The usage of framed mode necessitated a change in the hardware configuration that is normally used on the SECABB v2 board. The TFT_CS pins which are usually connected with a jumper were disconnected because the chip select line was now connected to the SPI controller and could only be mapped to a different output pin, which necessitated running a wire to connect the TFT_CS line to the B3 pin on the board. Pin B3 was mapped to the chip select line generated by the SPI controller (SS1) through the PIC32 peripheral pin select muxes (PPS).

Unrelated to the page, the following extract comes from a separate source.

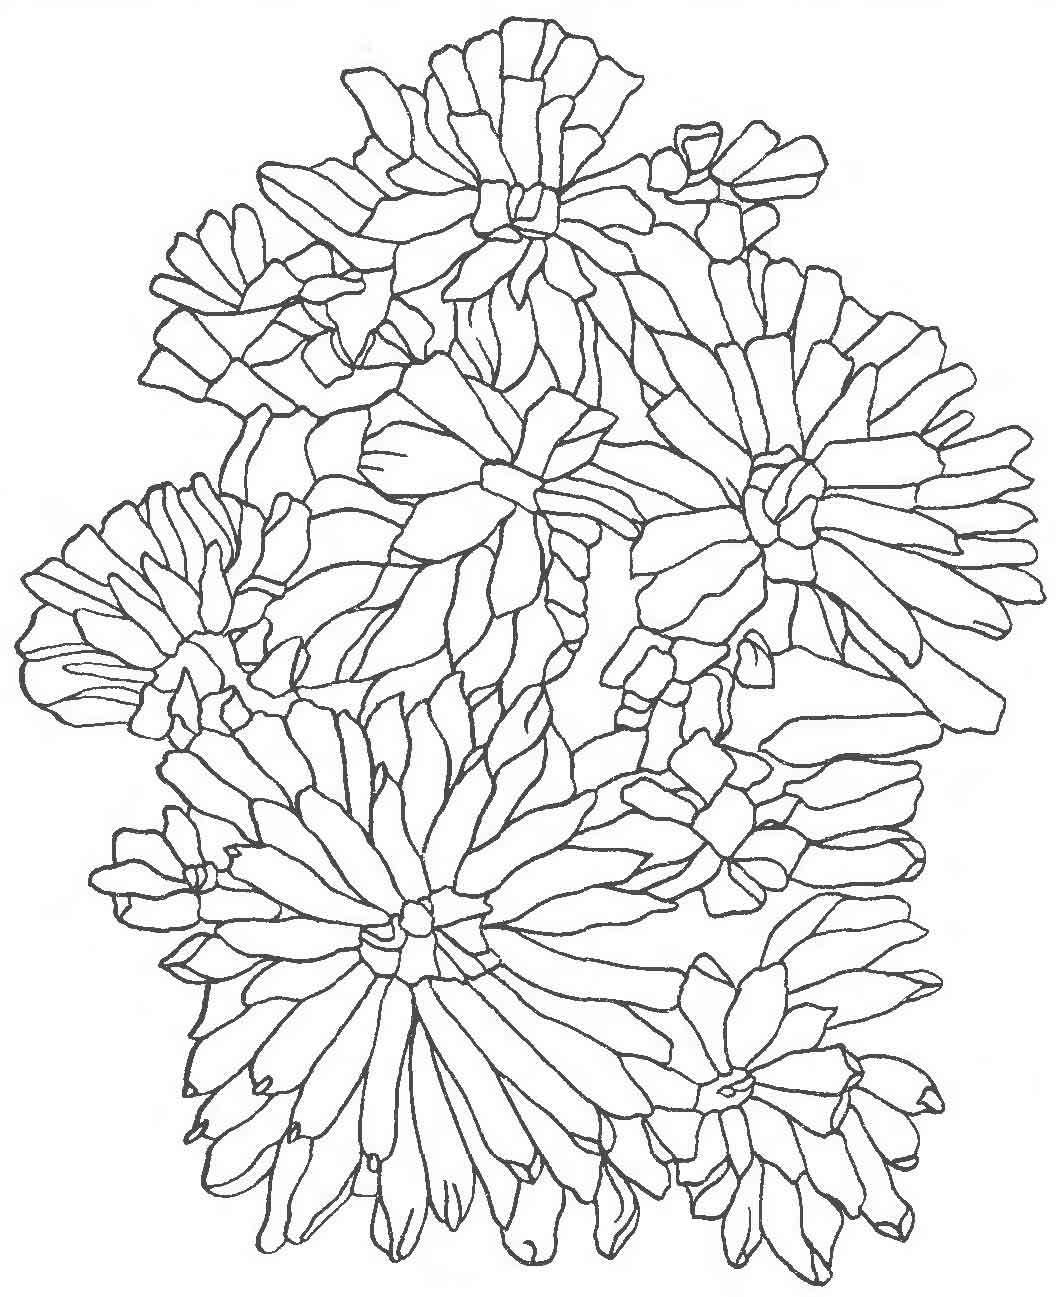 shablon-dlya-vishivki-lentami-astri Вышивка лентами для начинающих. Схемы цветов

The most important configuration for our usage of framed SPI mode (enabled with the SPICON_FRMEN option) on the PIC32, was the configuration of the SPI controller’s generation of chip select (CS). There are a number of options to control how the chip select is generated, the polarity of the CS (active high or low), the length of the CS and the triggering of CS relative to the first bit of data sent from the SPI controller. The TFT cannot have the CS constantly held in active low because it results in the TFT basically never updating. For the TFT, the required framed mode settings were:

  • Setting the polarity to active low (default)
  • Setting the generated CS pulse to be aligned with the first bit of the transfer (SPICON_SPIFE)
  • Setting the generated CS pulse to be 1 word length wide (SPI_OPEN_FSP_WIDE)
  • Length depends on which mode the SPI controller is in (8, 16 or 32 bit width pulses possible)

Software

The tft_master.c (Appendix F) file provided in the course contains the graphics functions needed to draw to the tft. Of particular interest was the tft_drawPixel() function, which draws a pixel at a specified coordinate. The underlying structure for this entails calls to the tft_writecommand() function, followed by calls to the tft_writedata16() function. To draw a pixel, the code first wrote the column address set (CASET) command to signify a column coordinate. Next, the x and x+1 coordinates would be written. A similar structure was also used for the row as well as the color value. The drawPixel() function utilizes the TFT’s range selection features to select a single pixel and draw a single piece of data to it. By selecting a larger section, the PIC32 could draw to any arbitrary rectangle on the screen by modifying which x and y coordinates it draws to, The original plan was to model the pixel drawing sequenece using DMA, and then transition to vertical line drawing, as that would be the method we would use in drawing an entire screen.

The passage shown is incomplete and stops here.